## EXERCISE AIM
Only one stretch of the data should be retyped: the lines from the line containing "ほぼ全品ポイント15倍~最大43倍+3倍!お得なクーポンも! 【TOMATO GLASSES】(トマトグラッシーズ)" through the line containing "Cake Topper Hochzeit". Keep pictures out of it.

## DATA TO PROCESS
------------------------------------

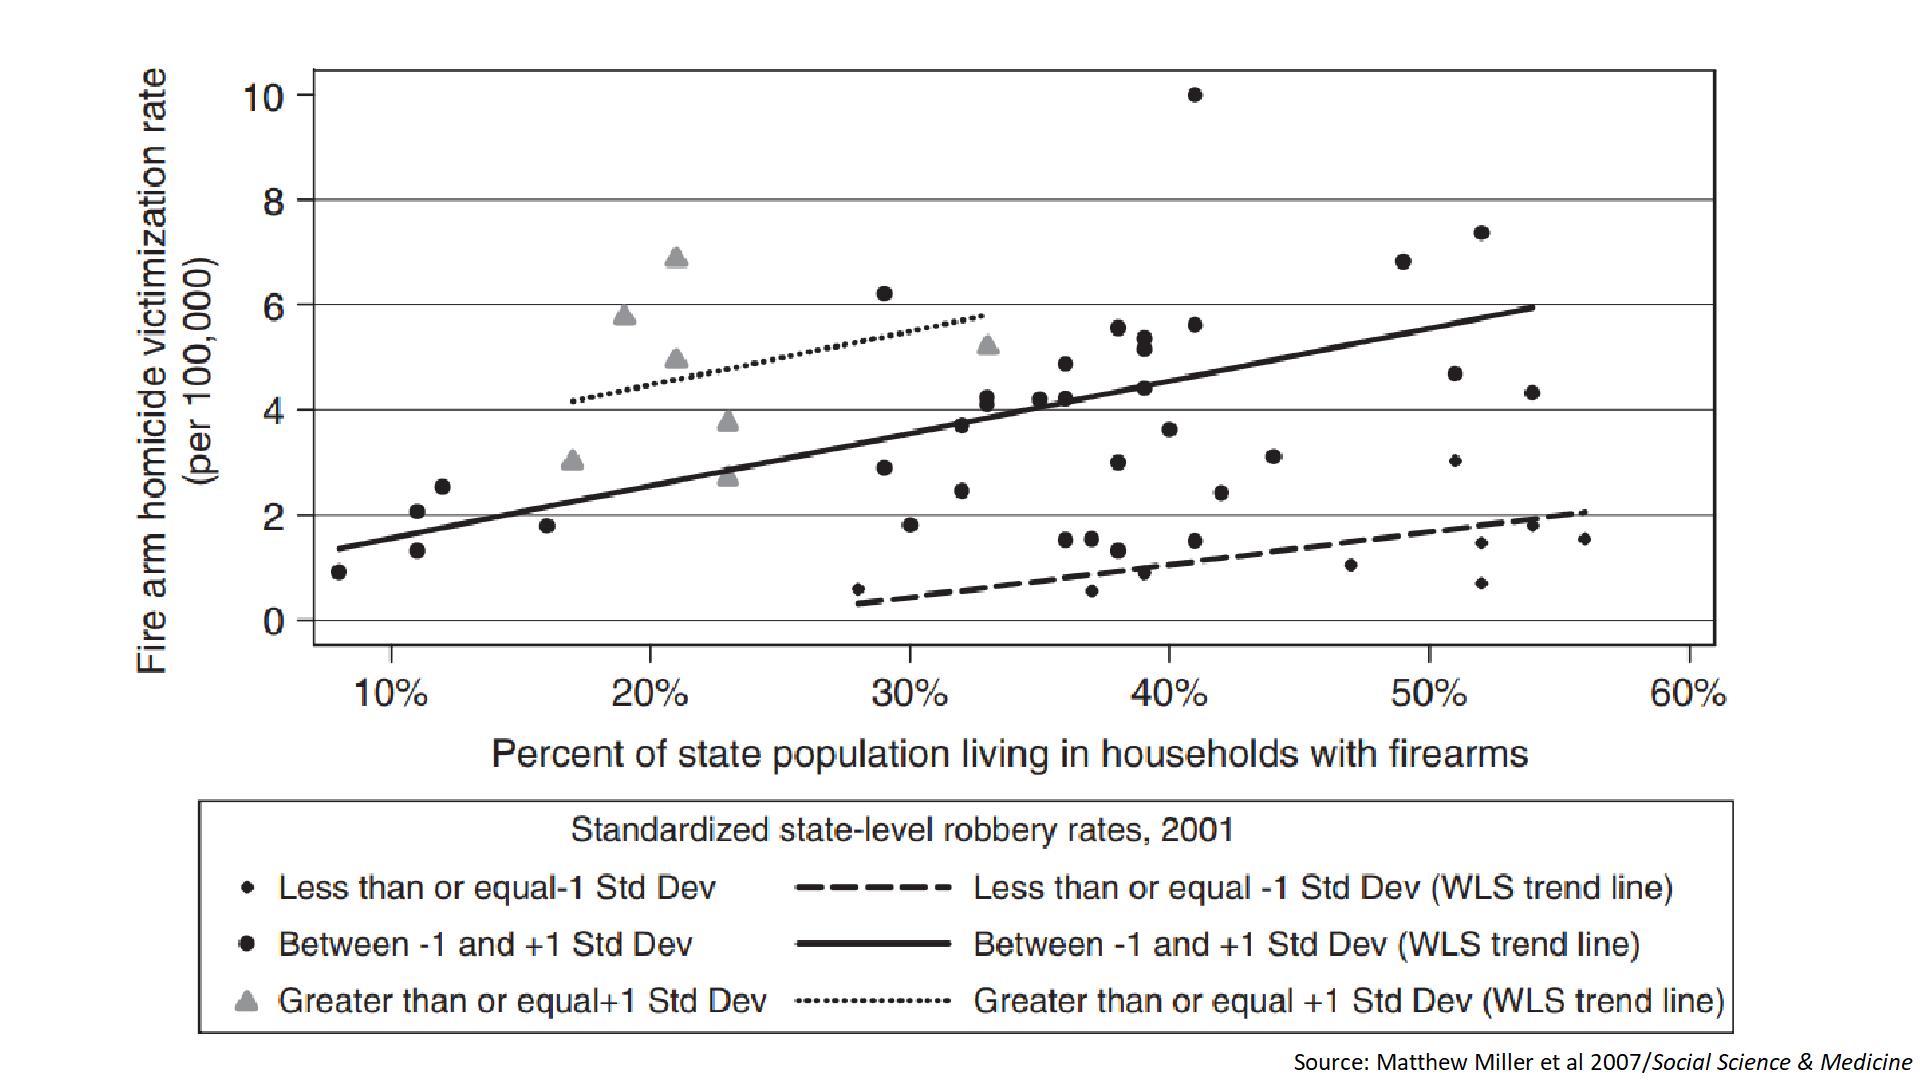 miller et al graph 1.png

------------------------------------

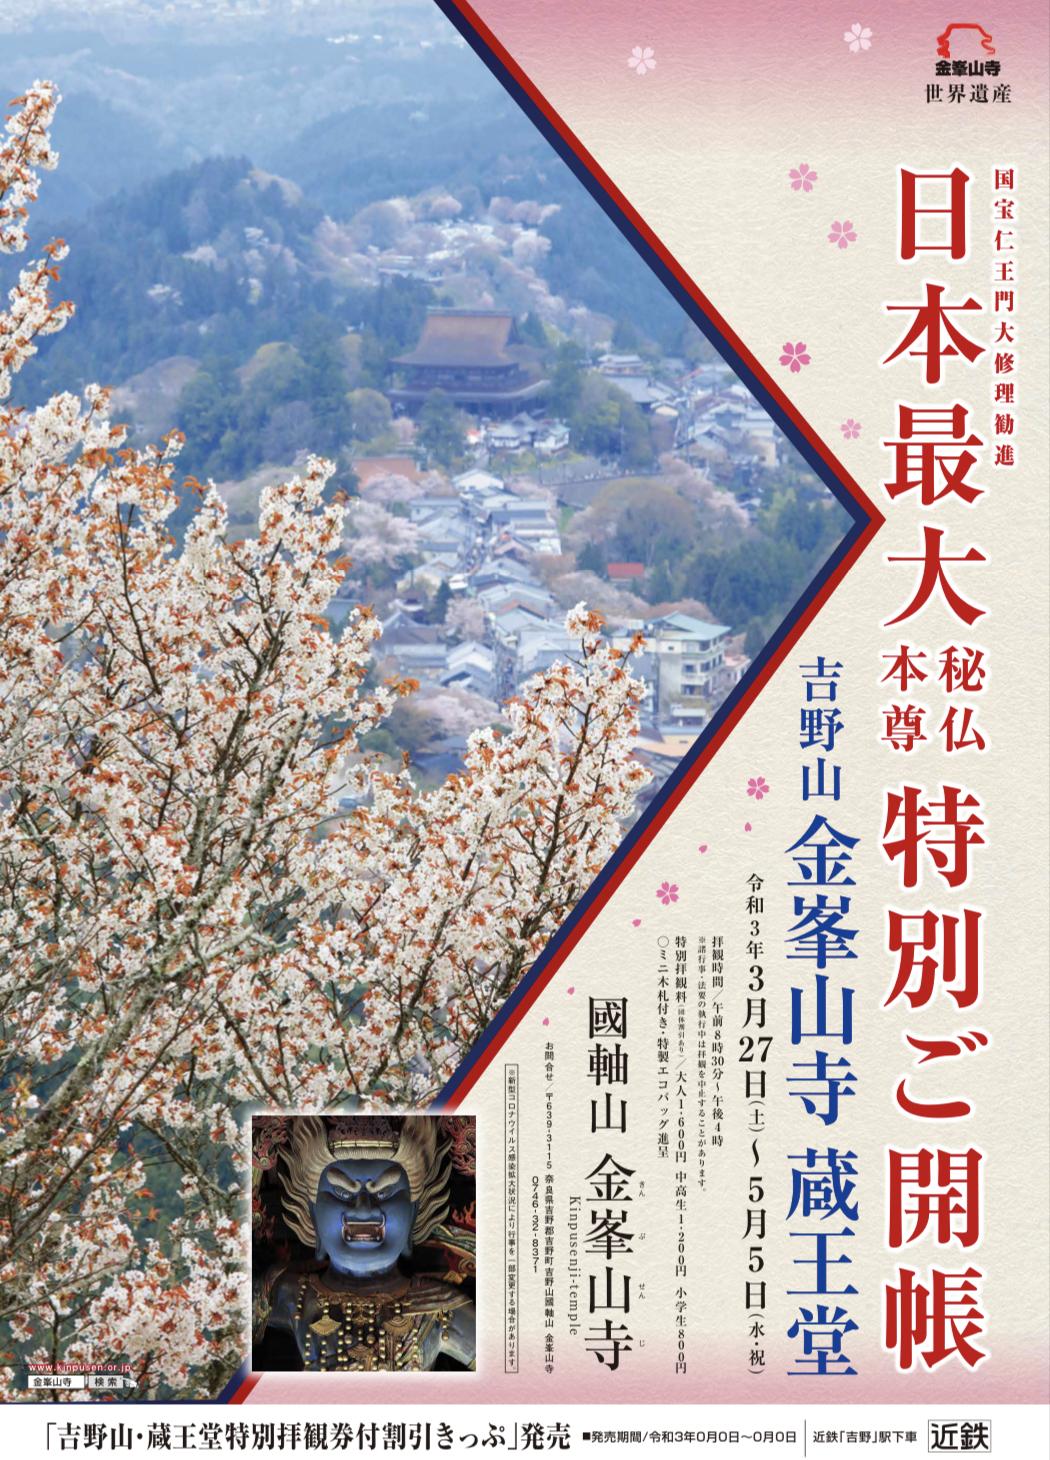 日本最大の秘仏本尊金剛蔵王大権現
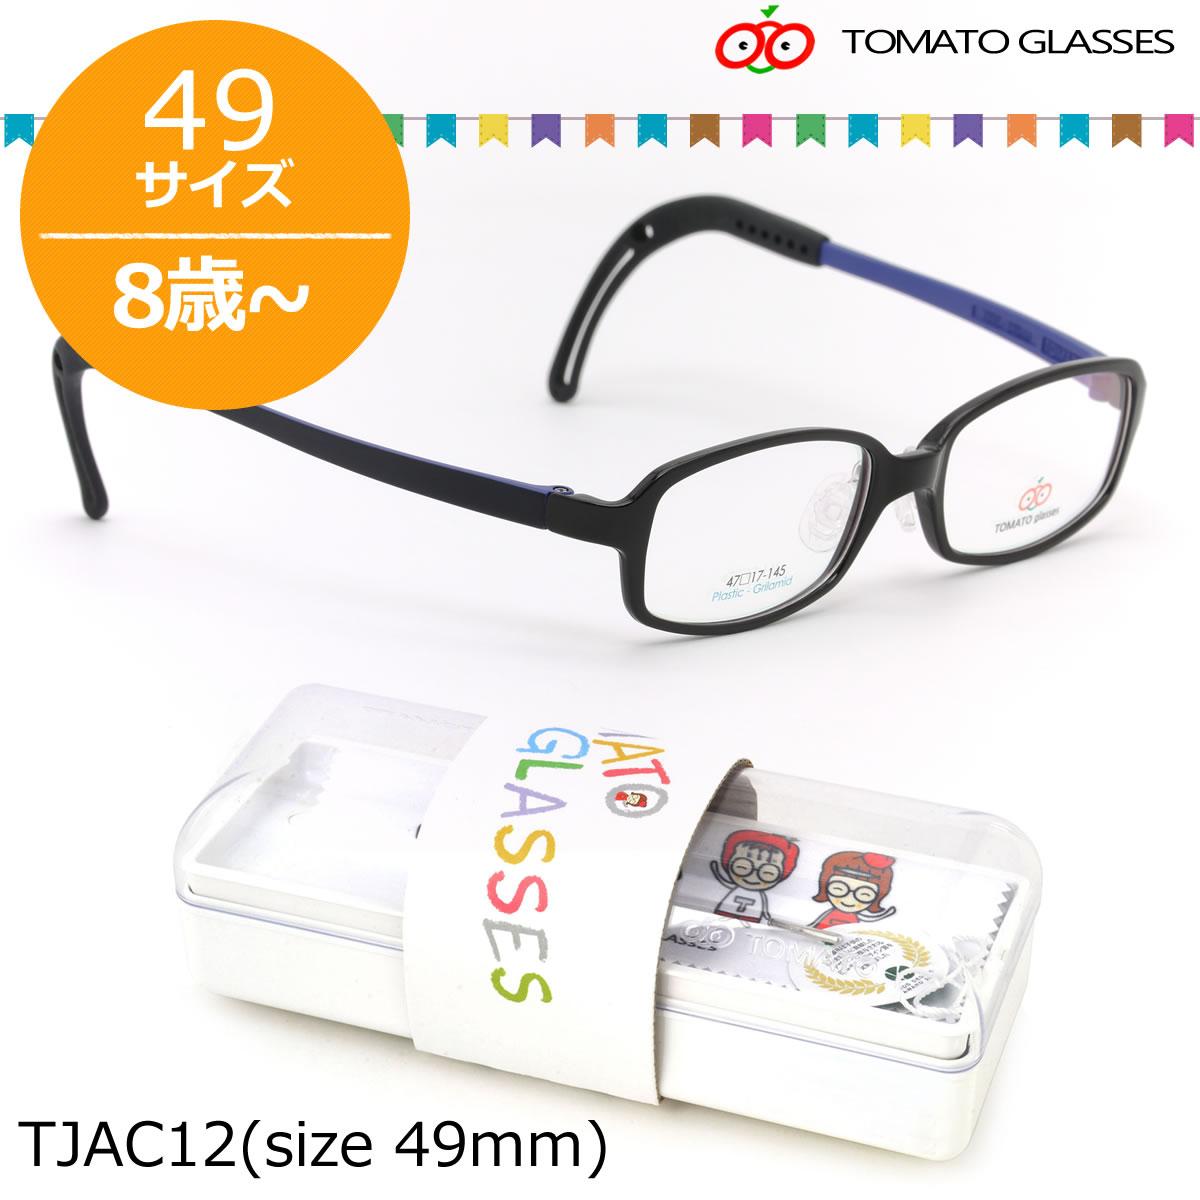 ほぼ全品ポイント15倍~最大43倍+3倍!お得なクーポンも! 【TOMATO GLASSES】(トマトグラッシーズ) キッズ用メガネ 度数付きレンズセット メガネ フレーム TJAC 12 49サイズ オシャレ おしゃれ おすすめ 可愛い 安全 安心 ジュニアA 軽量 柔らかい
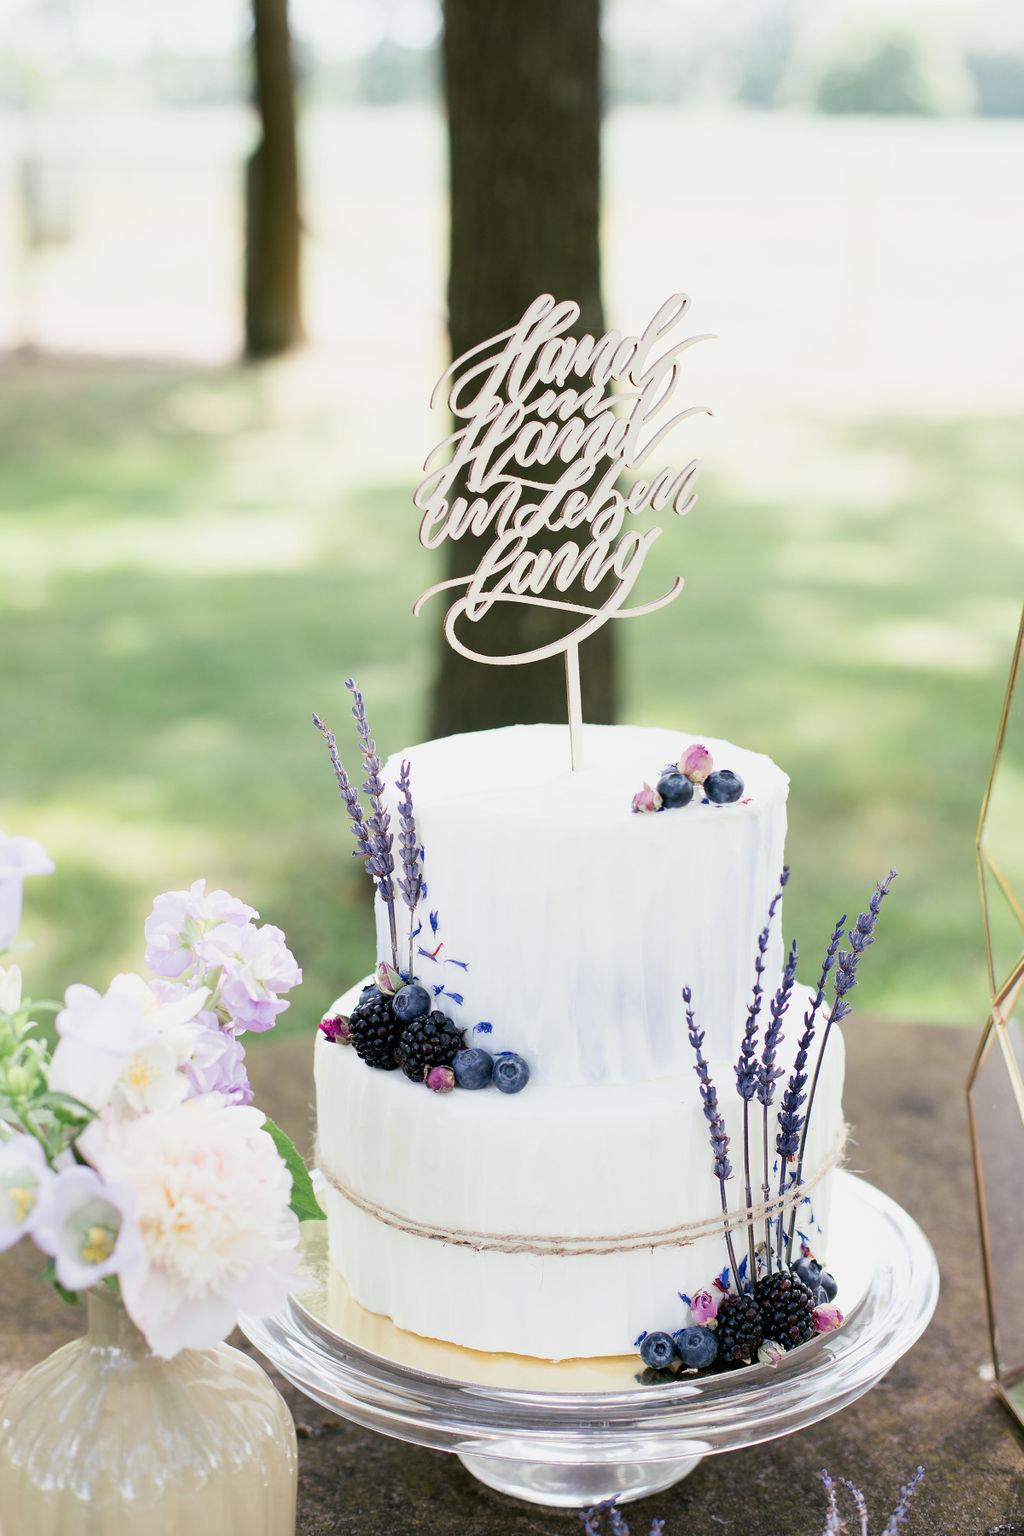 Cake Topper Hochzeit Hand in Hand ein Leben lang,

------------------------------------

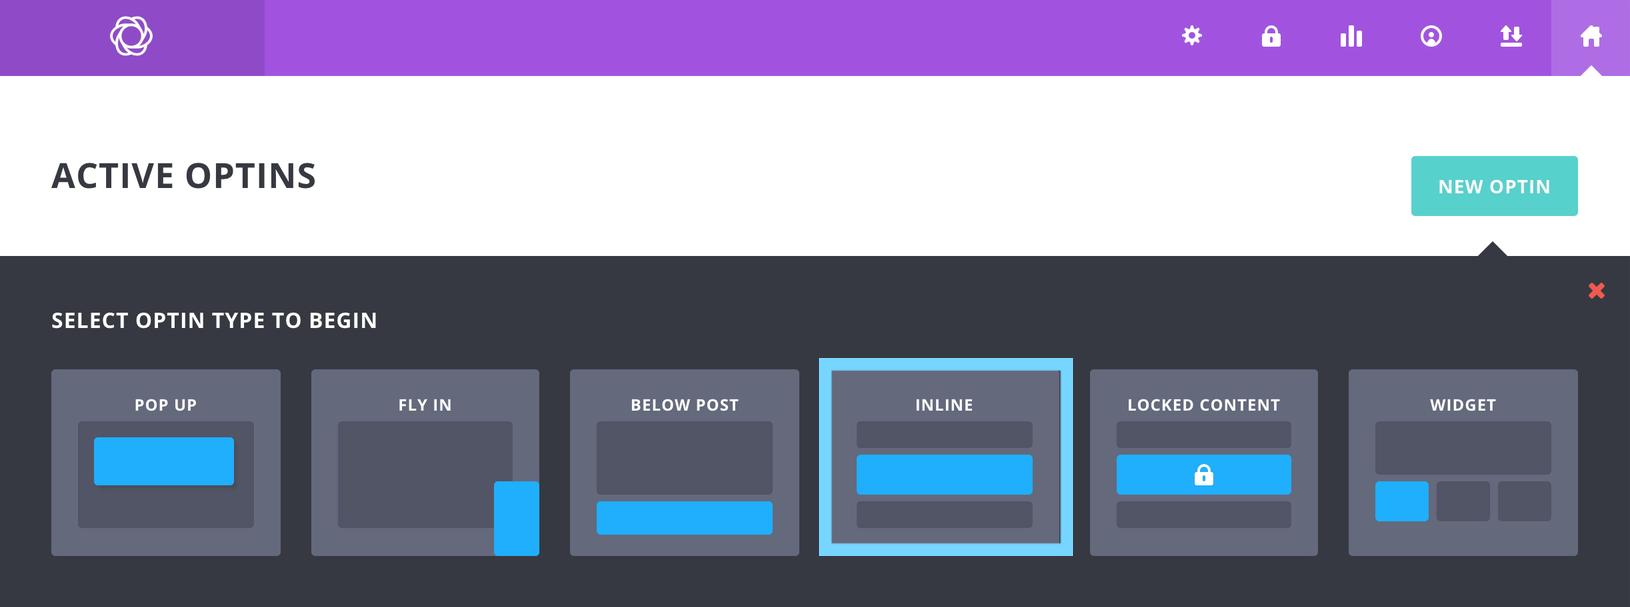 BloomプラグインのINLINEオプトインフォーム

------------------------------------

## RESULT OF THE EXERCISE
 ほぼ全品ポイント15倍~最大43倍+3倍!お得なクーポンも! 【TOMATO GLASSES】(トマトグラッシーズ) キッズ用メガネ 度数付きレンズセット メガネ フレーム TJAC 12 49サイズ オシャレ おしゃれ おすすめ 可愛い 安全 安心 ジュニアA 軽量 柔らかい
 Cake Topper Hochzeit Hand in Hand ein Leben lang,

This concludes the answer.